[Start of section]

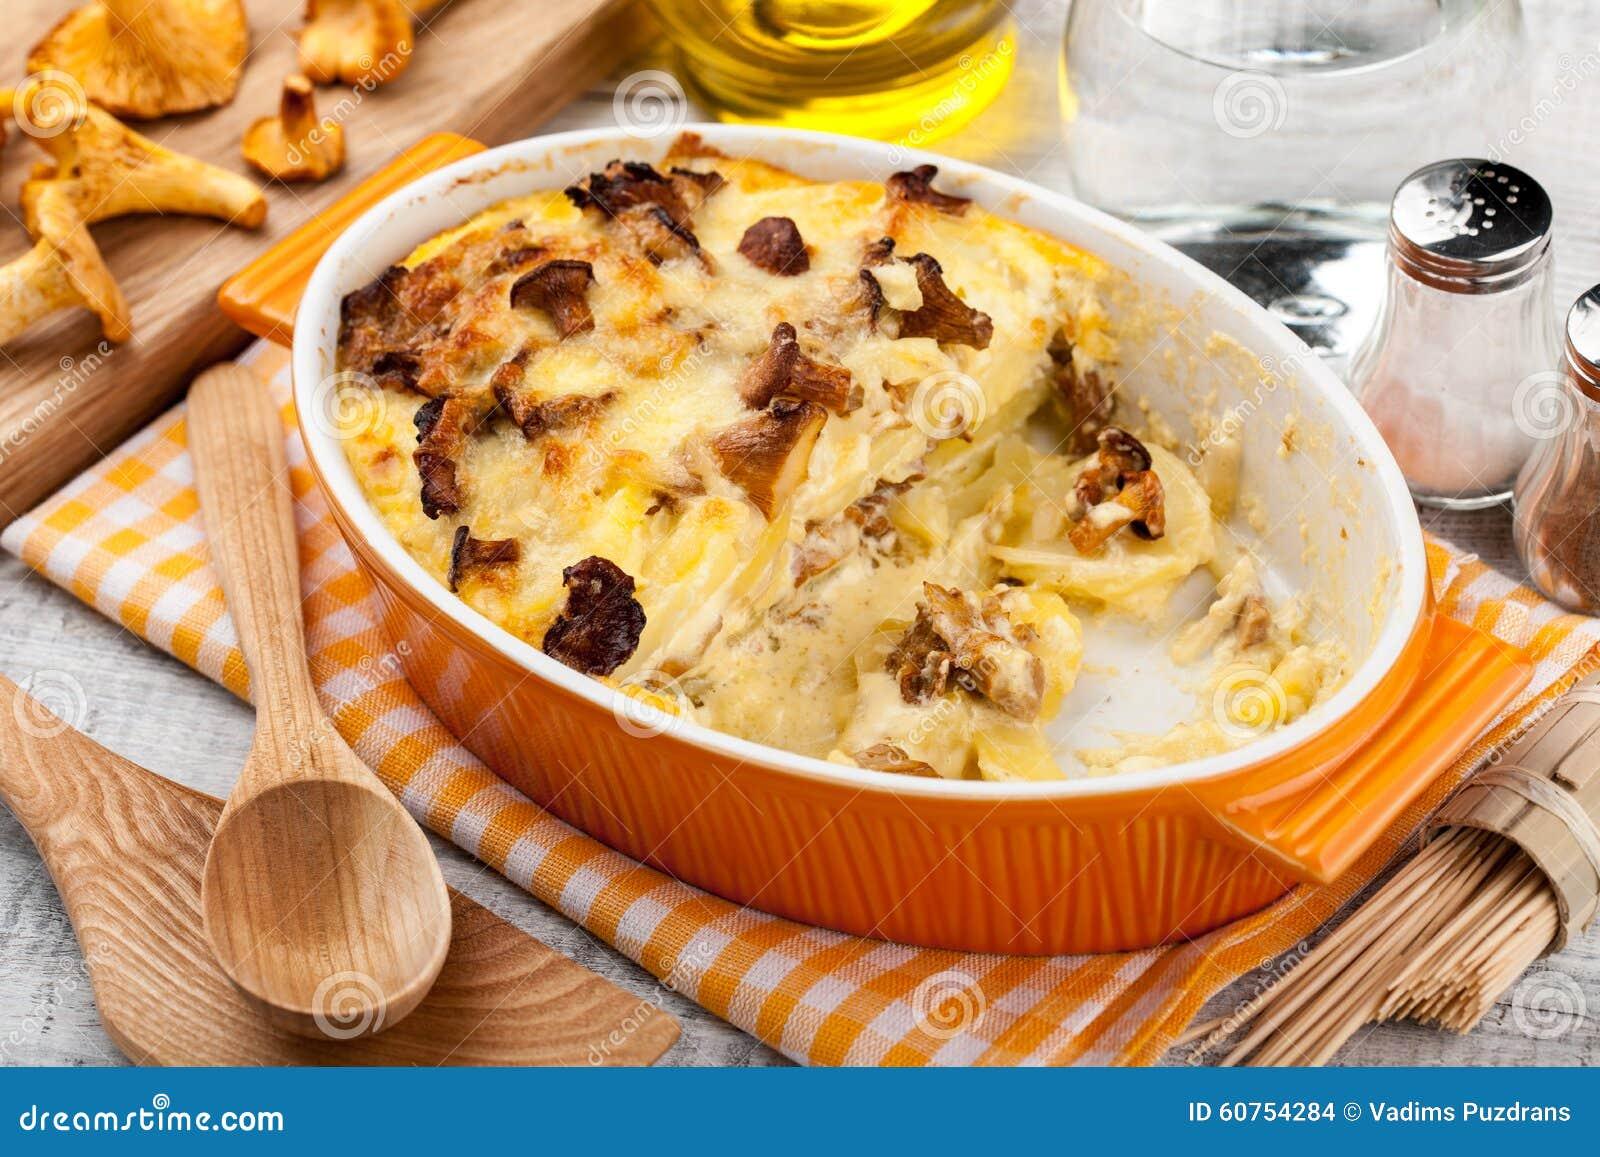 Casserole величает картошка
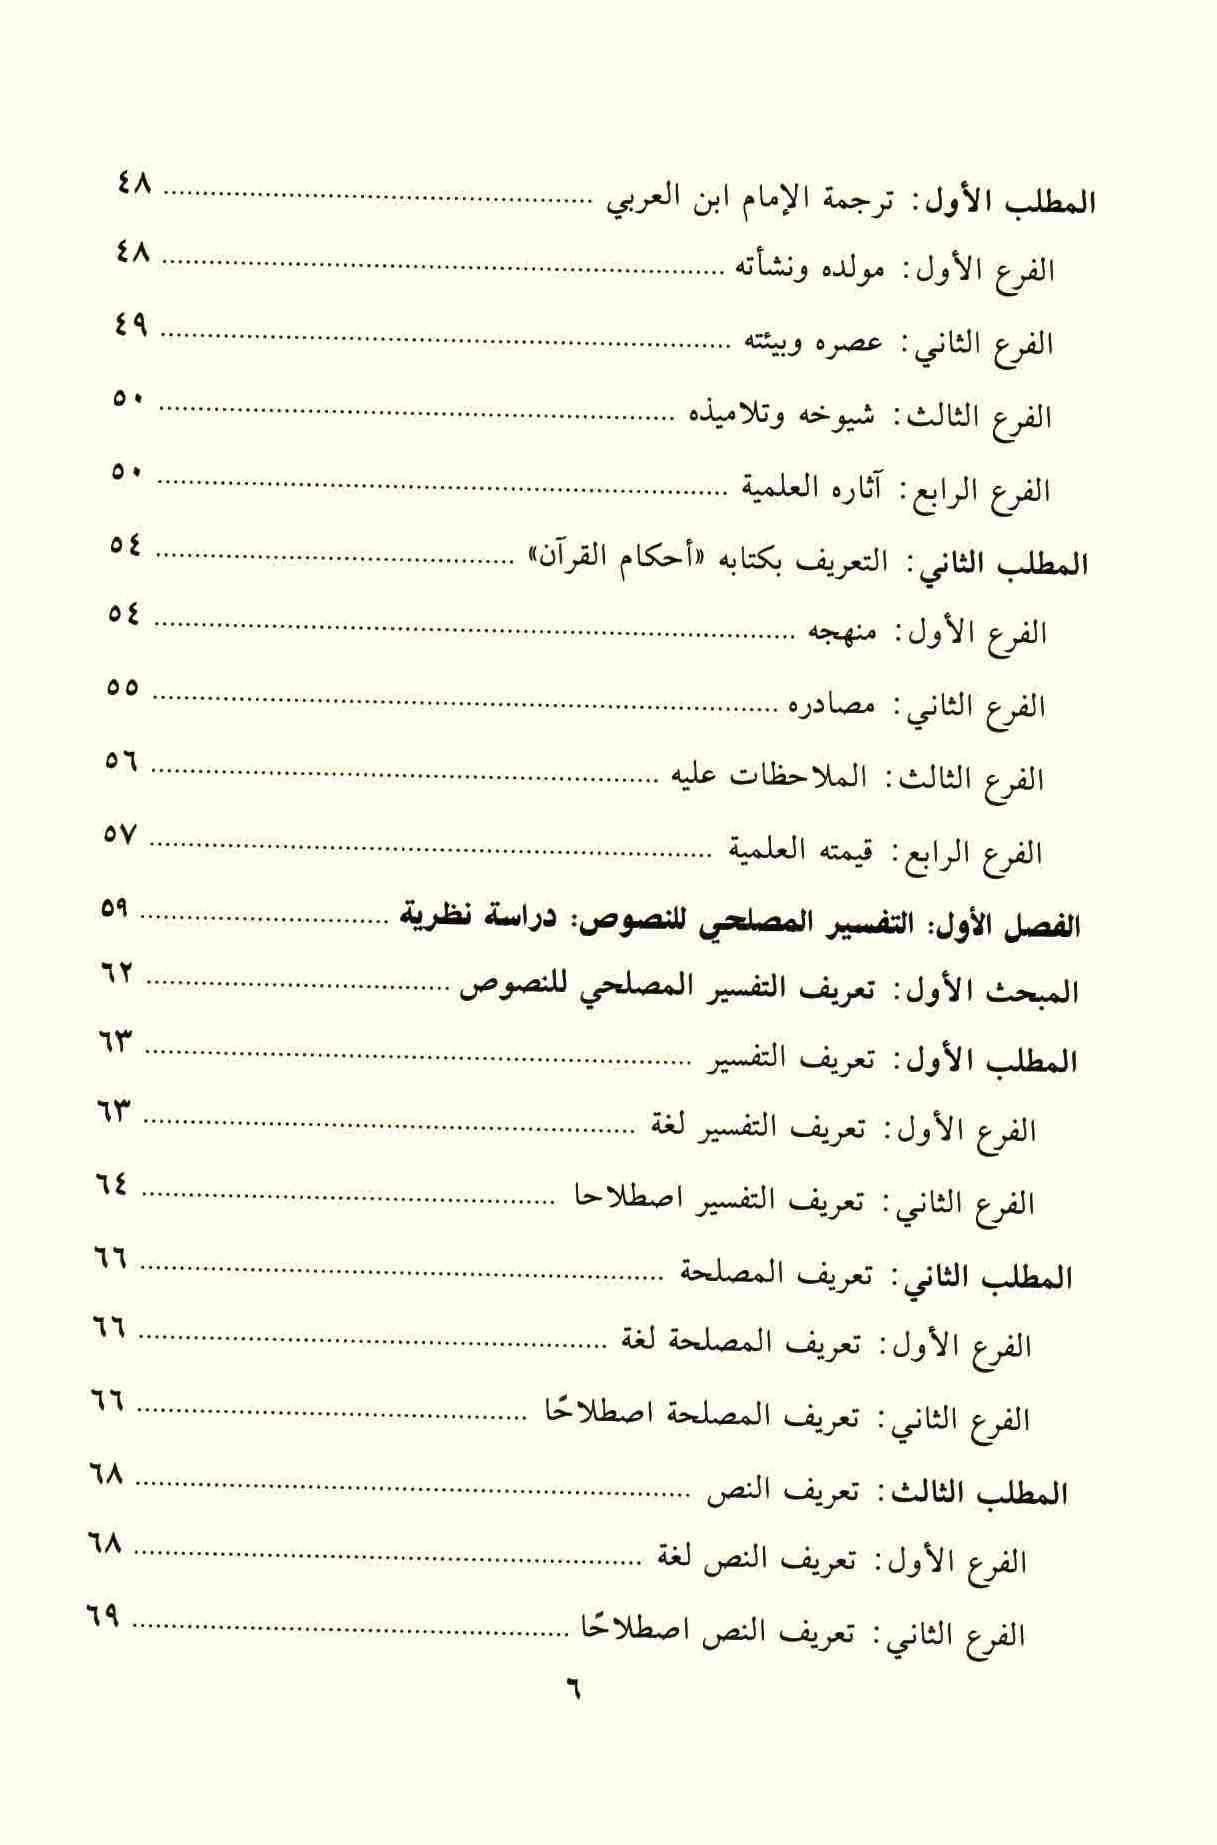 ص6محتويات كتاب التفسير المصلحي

[End of section]
[Start of section]

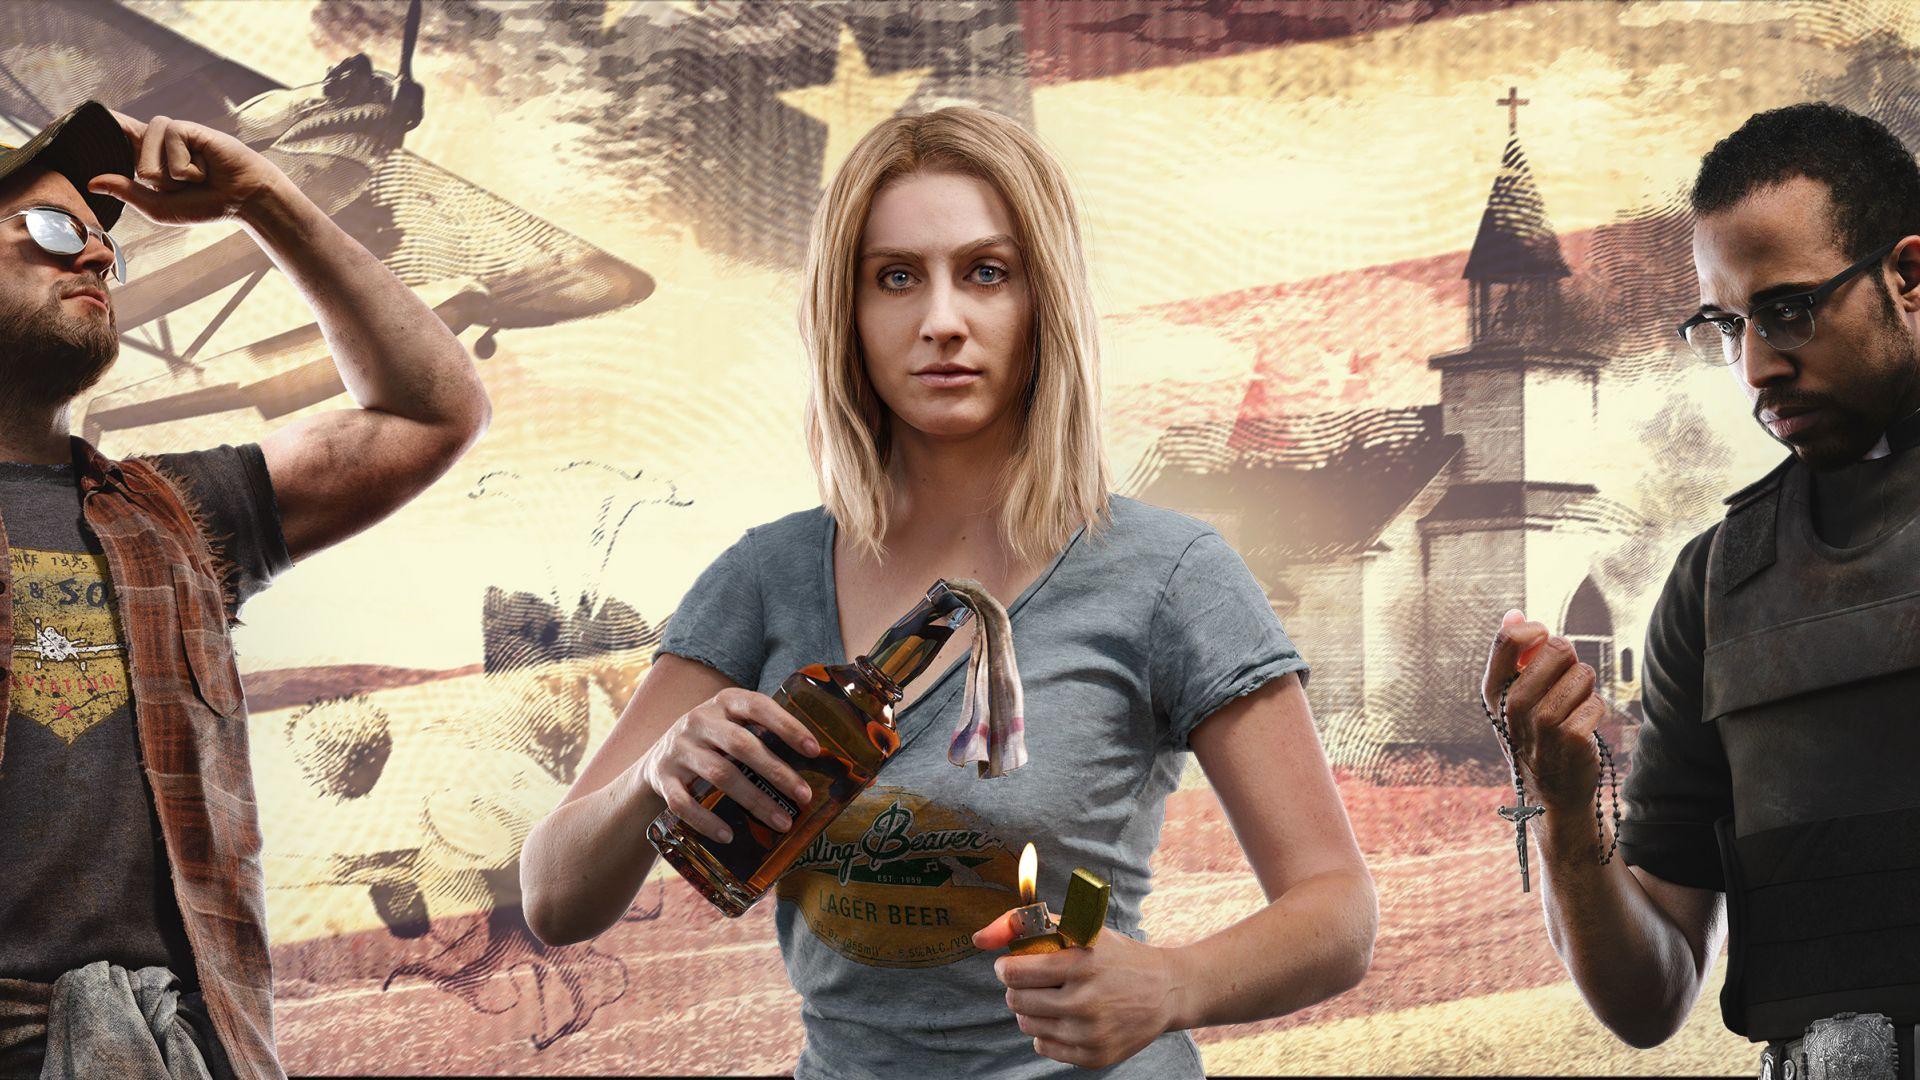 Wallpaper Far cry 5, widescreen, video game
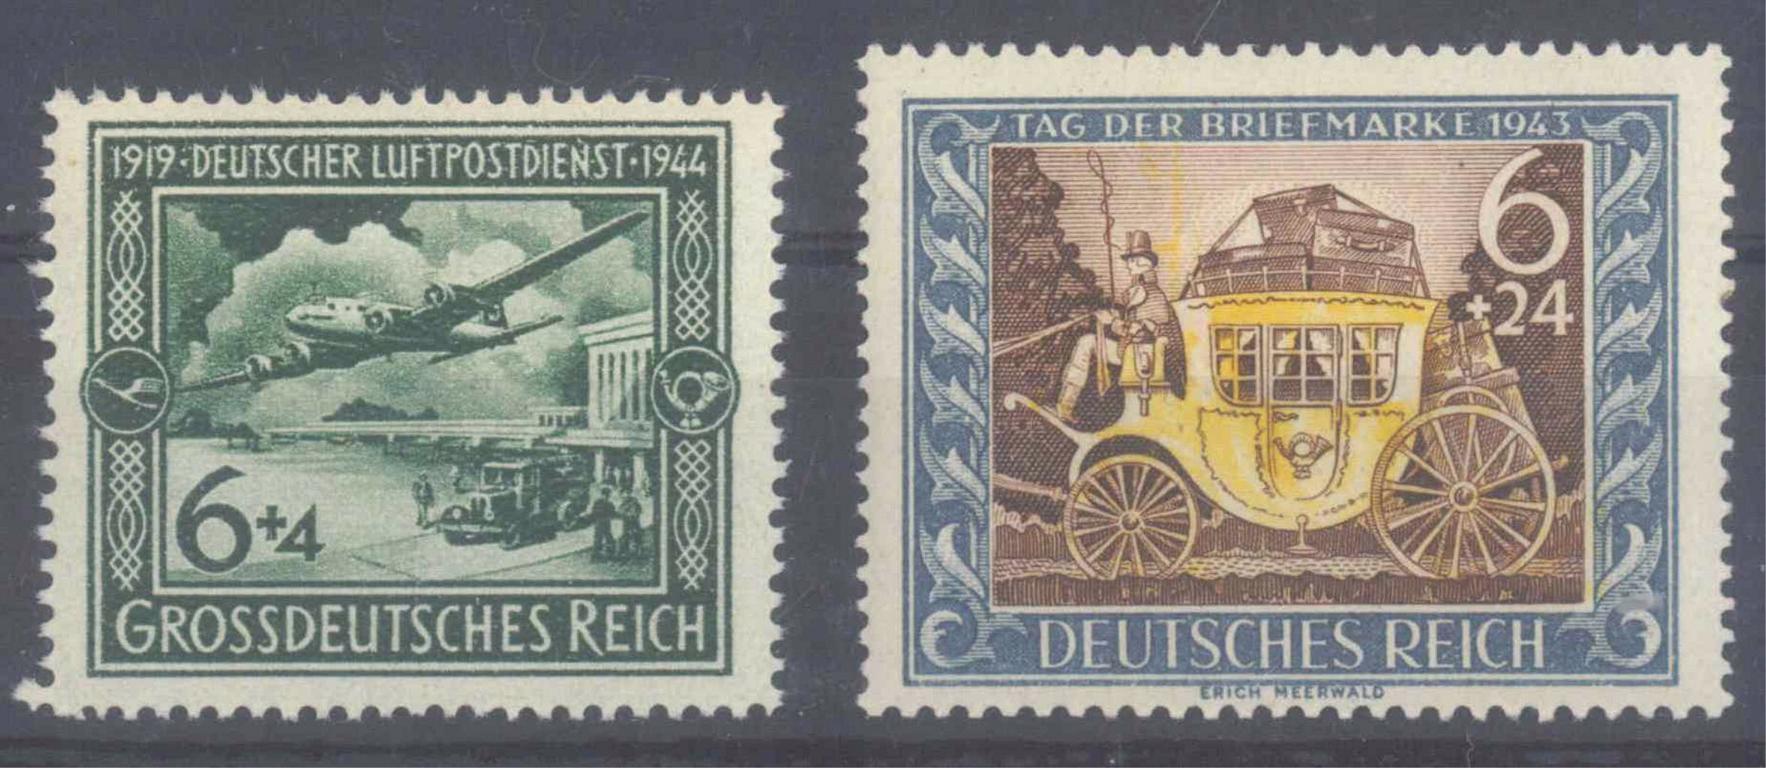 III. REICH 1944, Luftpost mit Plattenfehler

[End of section]
[Start of section]

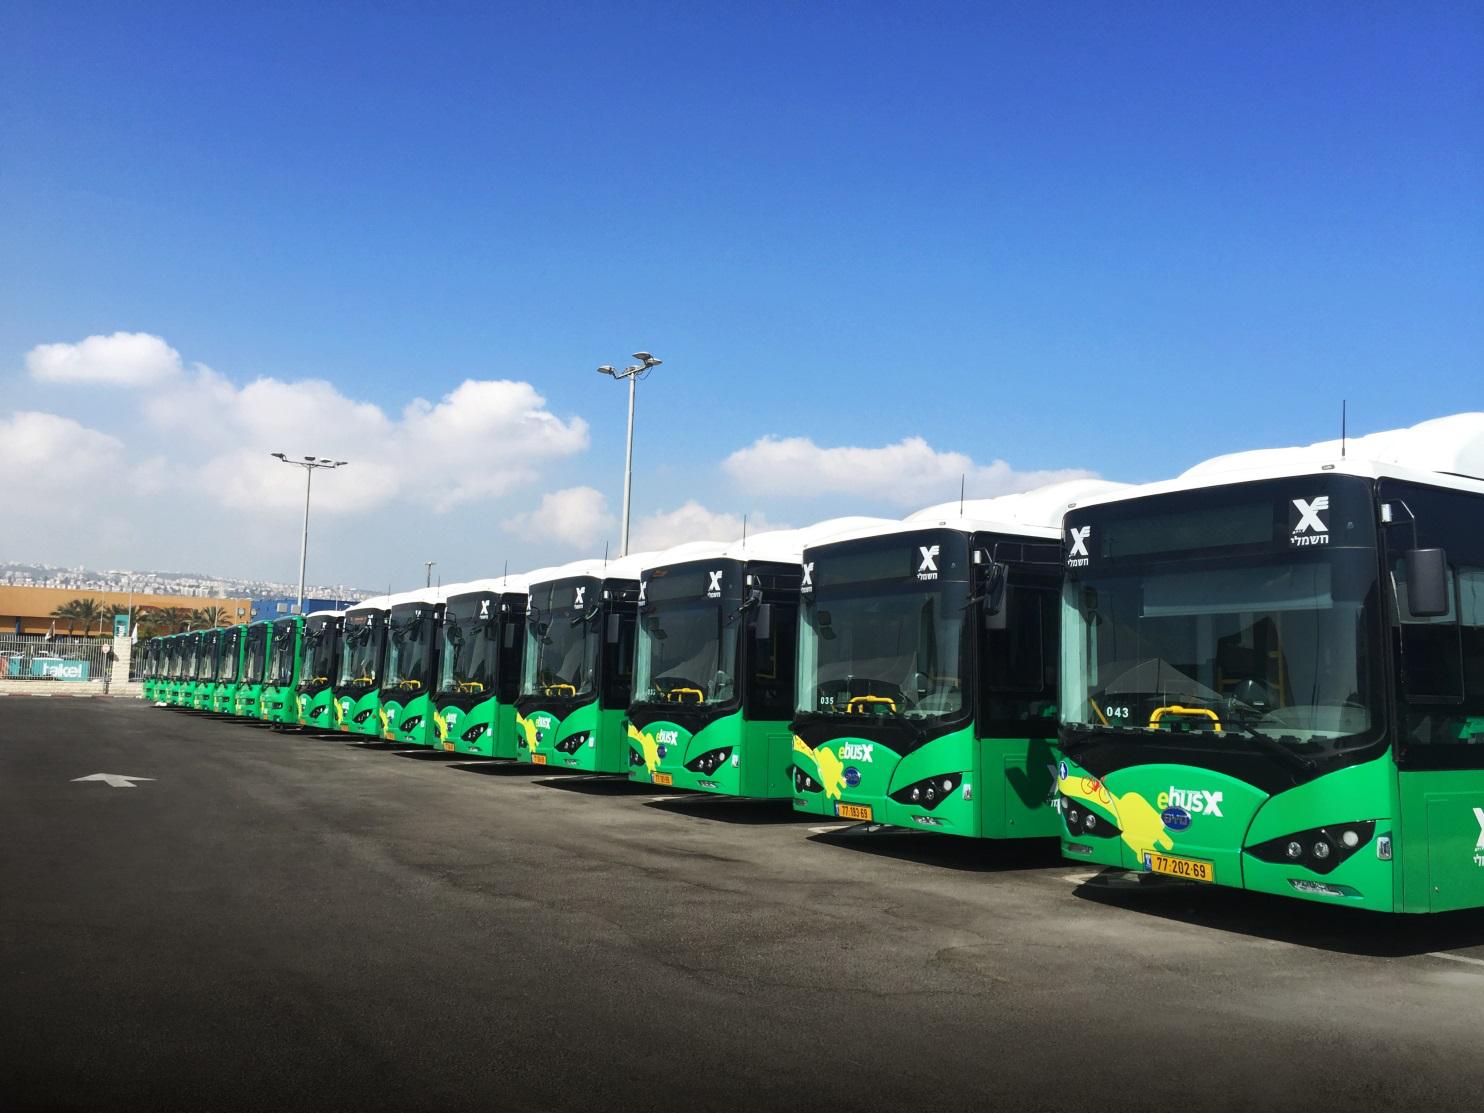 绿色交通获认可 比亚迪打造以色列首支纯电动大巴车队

[End of section]

> [Activity]:
Repeat, without pictures, exactly the lines of the data above from the one containing "Casserole величает картошка" through the one containing "ص6محتويات كتاب التفسير المصلحي", including both and adding nothing.

> [Reply]:
 Casserole величает картошка
 ص6محتويات كتاب التفسير المصلحي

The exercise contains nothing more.